%%
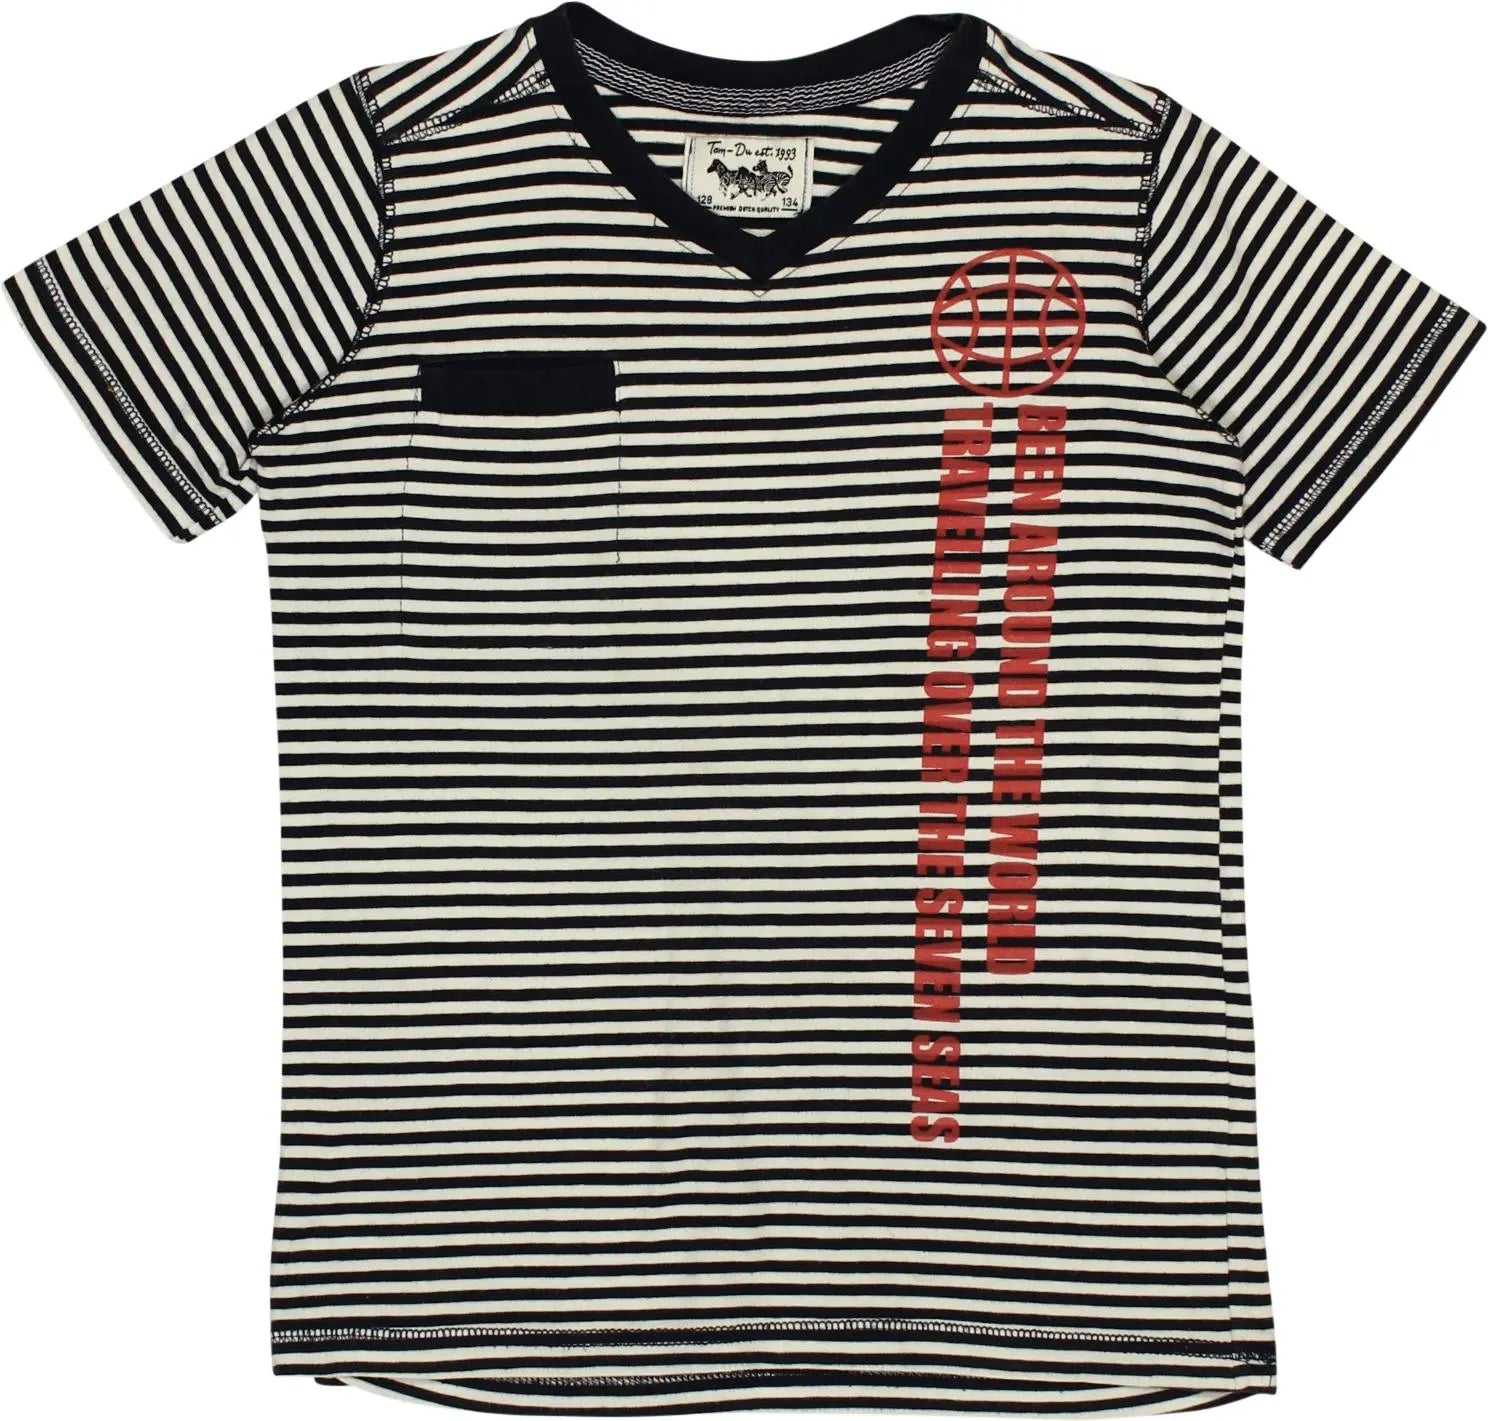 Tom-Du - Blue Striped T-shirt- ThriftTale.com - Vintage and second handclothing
%%
%%
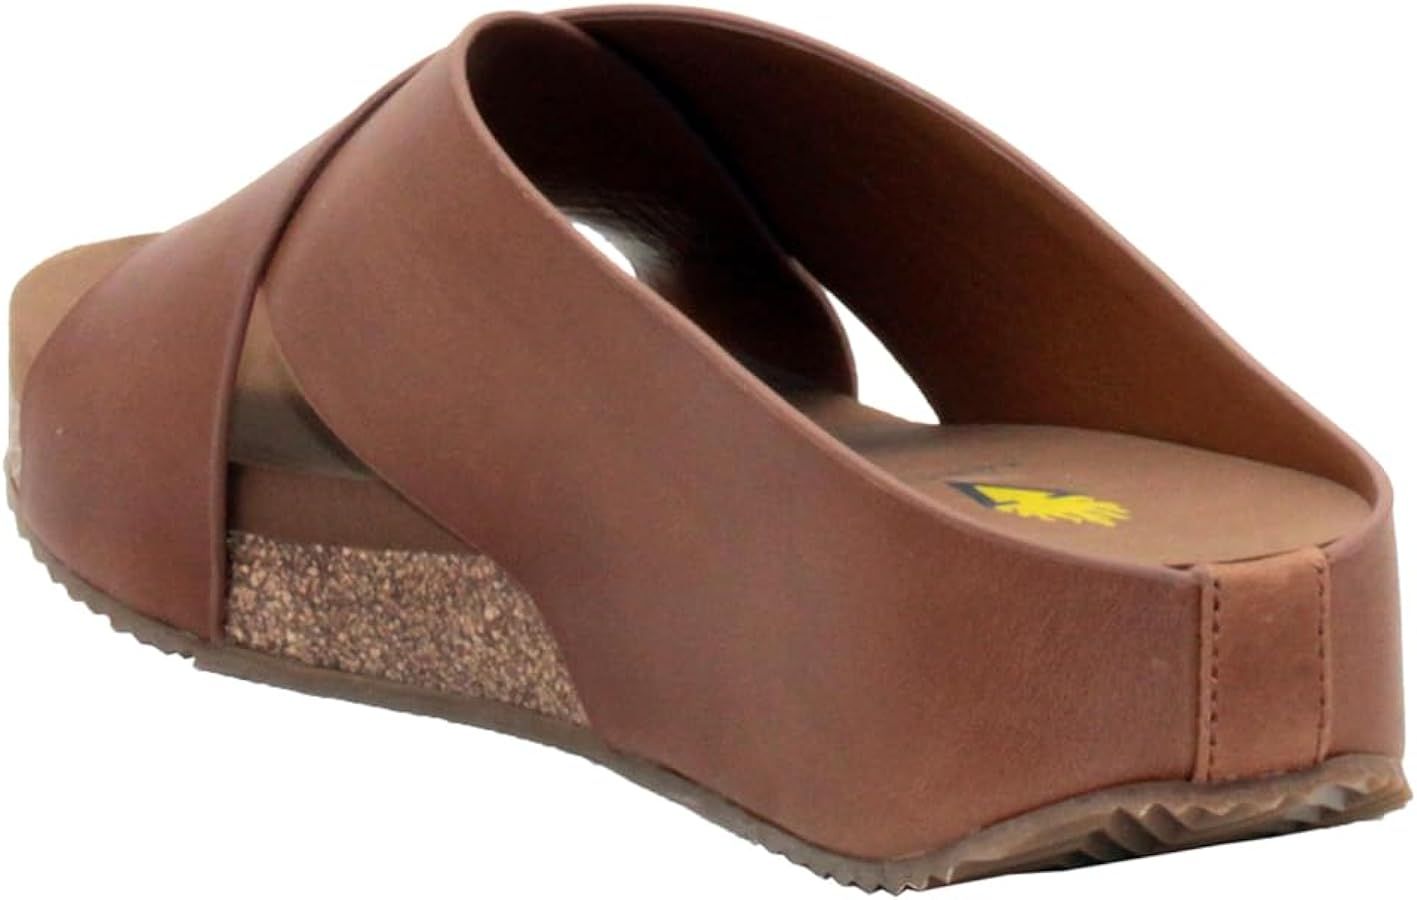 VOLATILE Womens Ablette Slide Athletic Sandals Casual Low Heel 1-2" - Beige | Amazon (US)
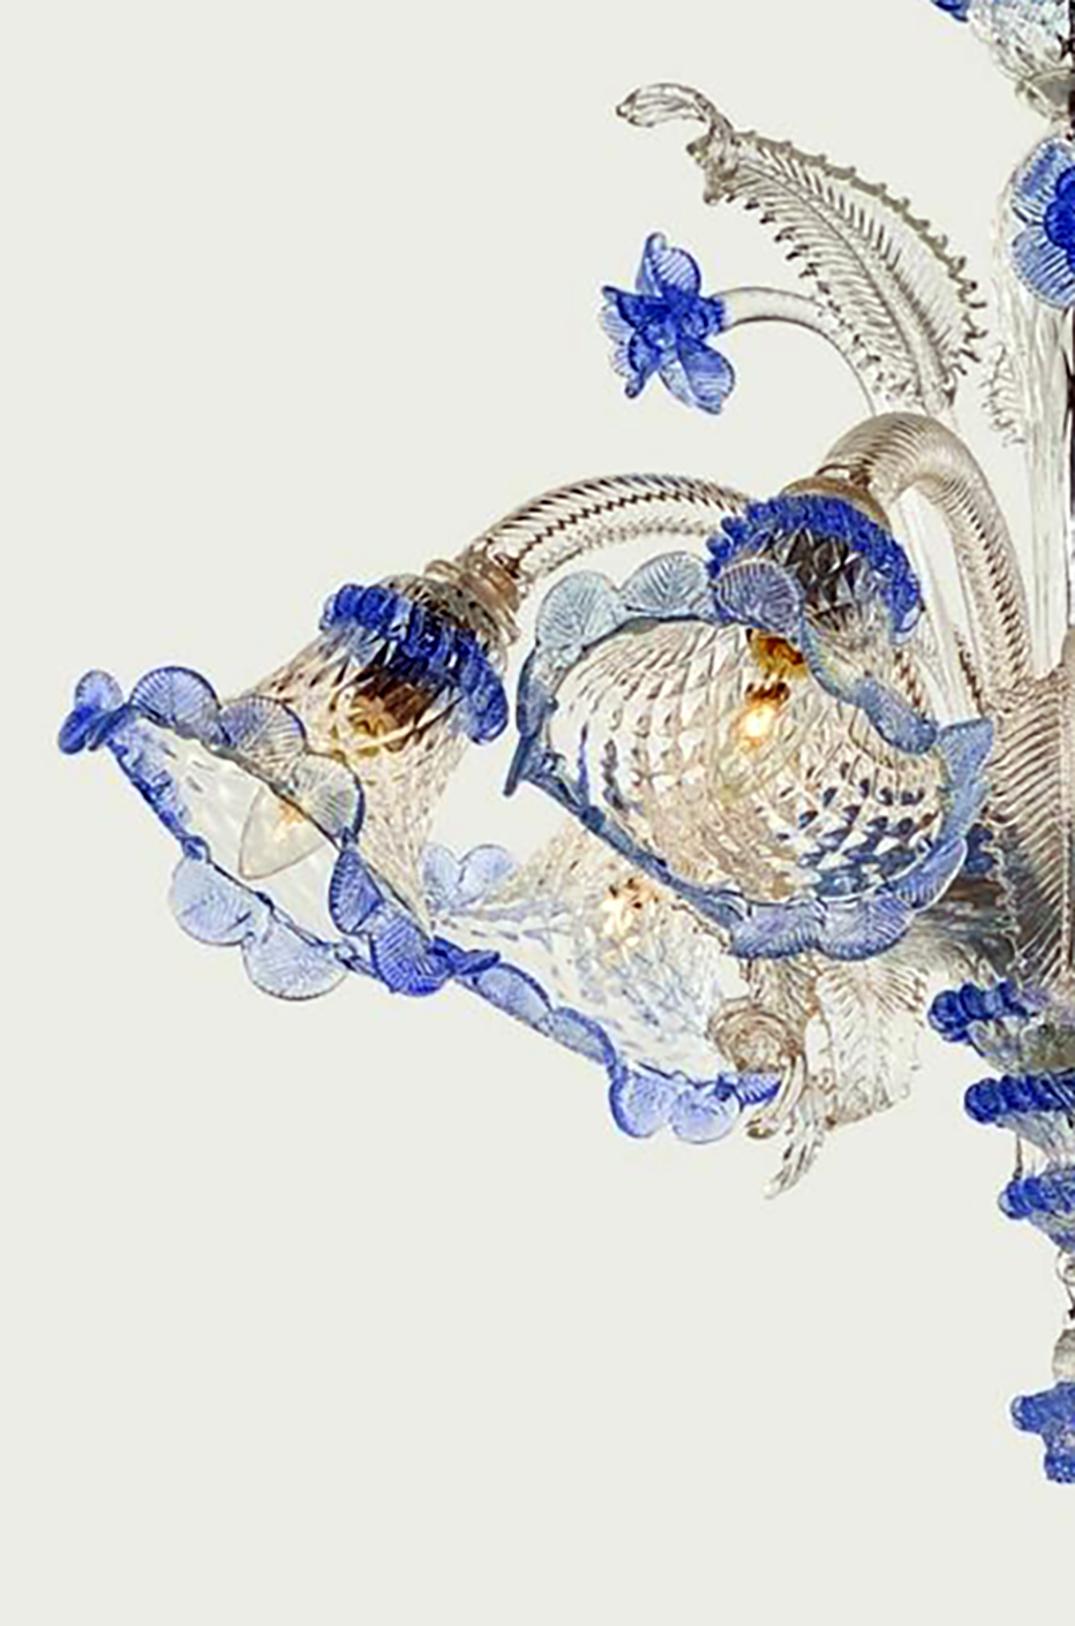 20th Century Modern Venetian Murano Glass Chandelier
%%
%%
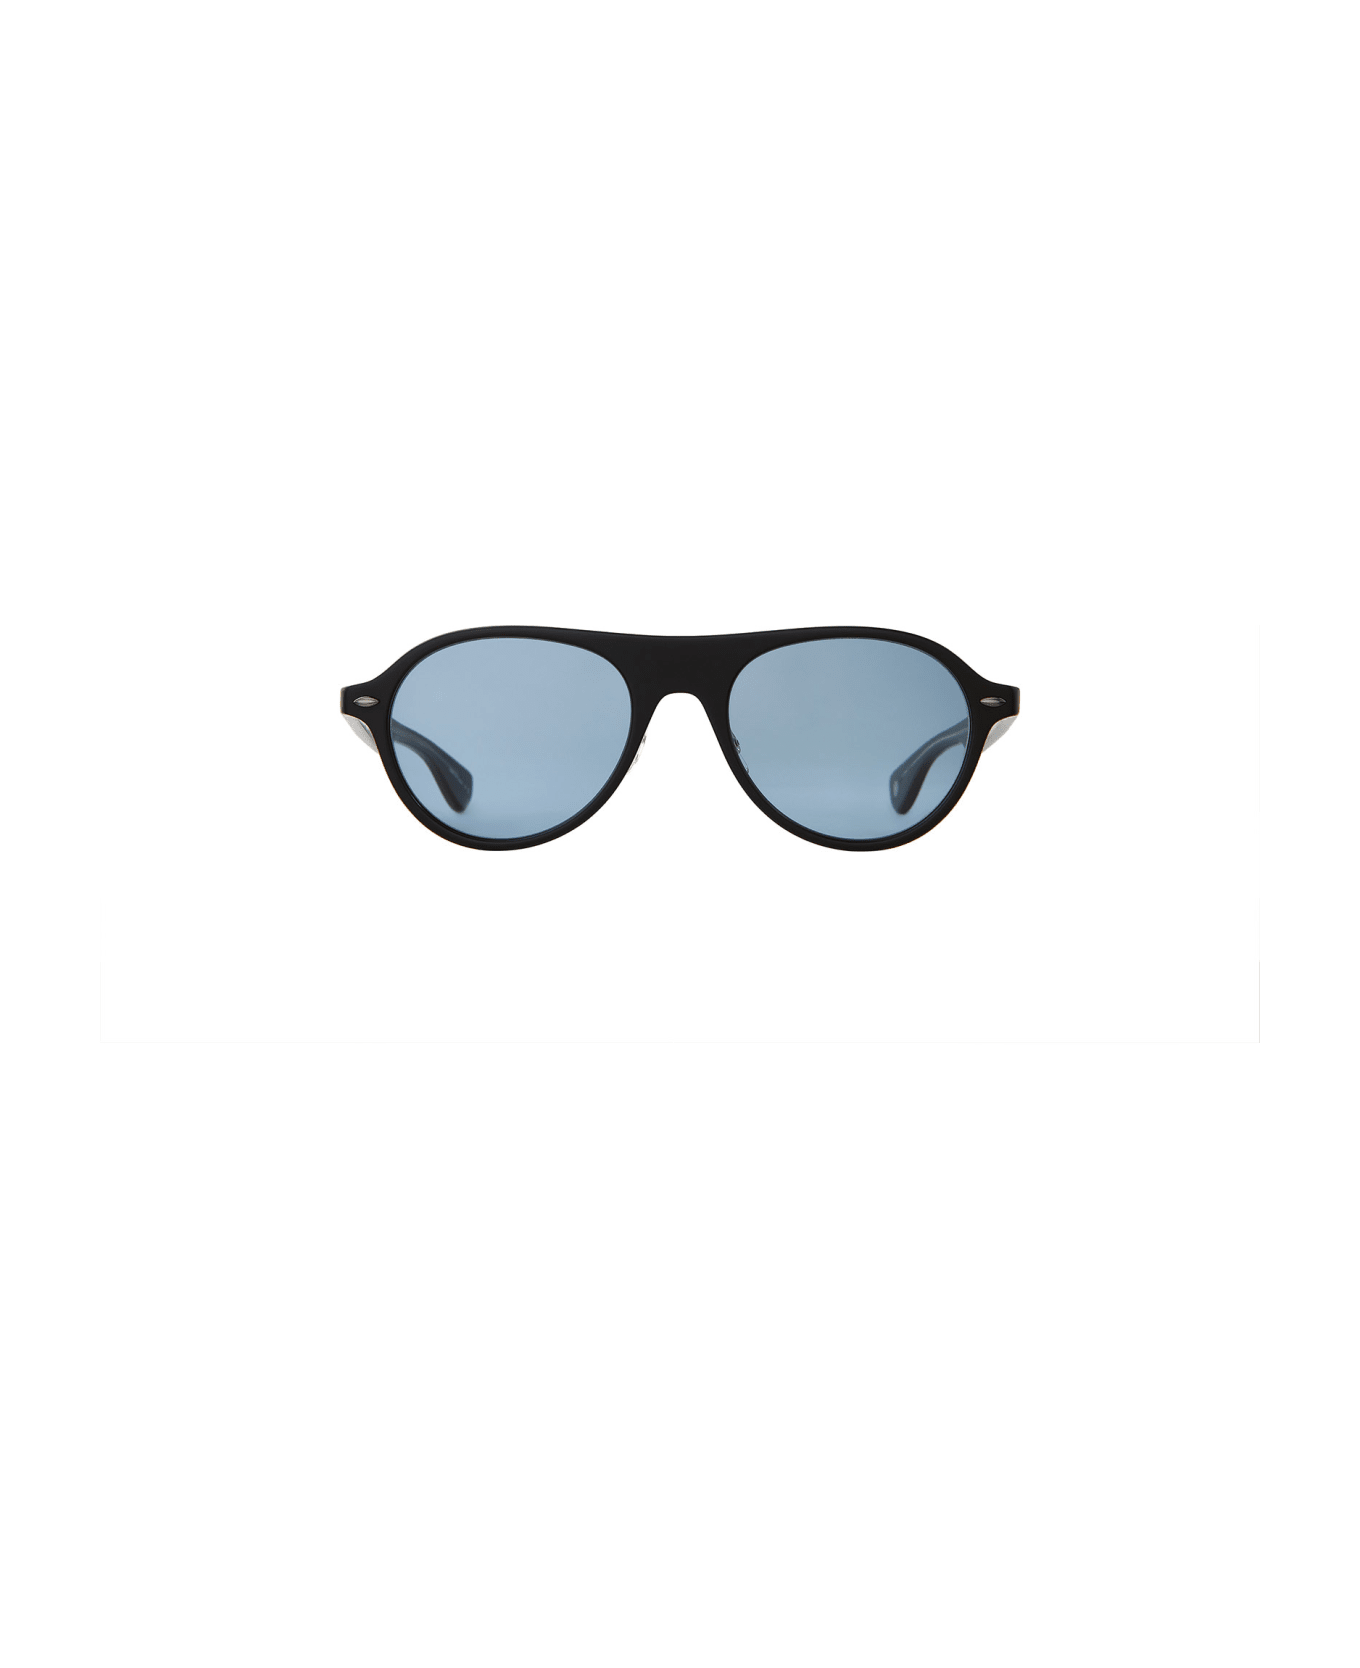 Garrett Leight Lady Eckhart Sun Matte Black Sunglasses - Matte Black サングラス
%%
Output exactly, and only, the lines of the entries above from the one with "VOLATILE Womens Ablette" up to and including the one with "20th Century Modern"; pictures are to be left out.

_Solved problem_
 VOLATILE Womens Ablette Slide Athletic Sandals Casual Low Heel 1-2" - Beige | Amazon (US)
 20th Century Modern Venetian Murano Glass Chandelier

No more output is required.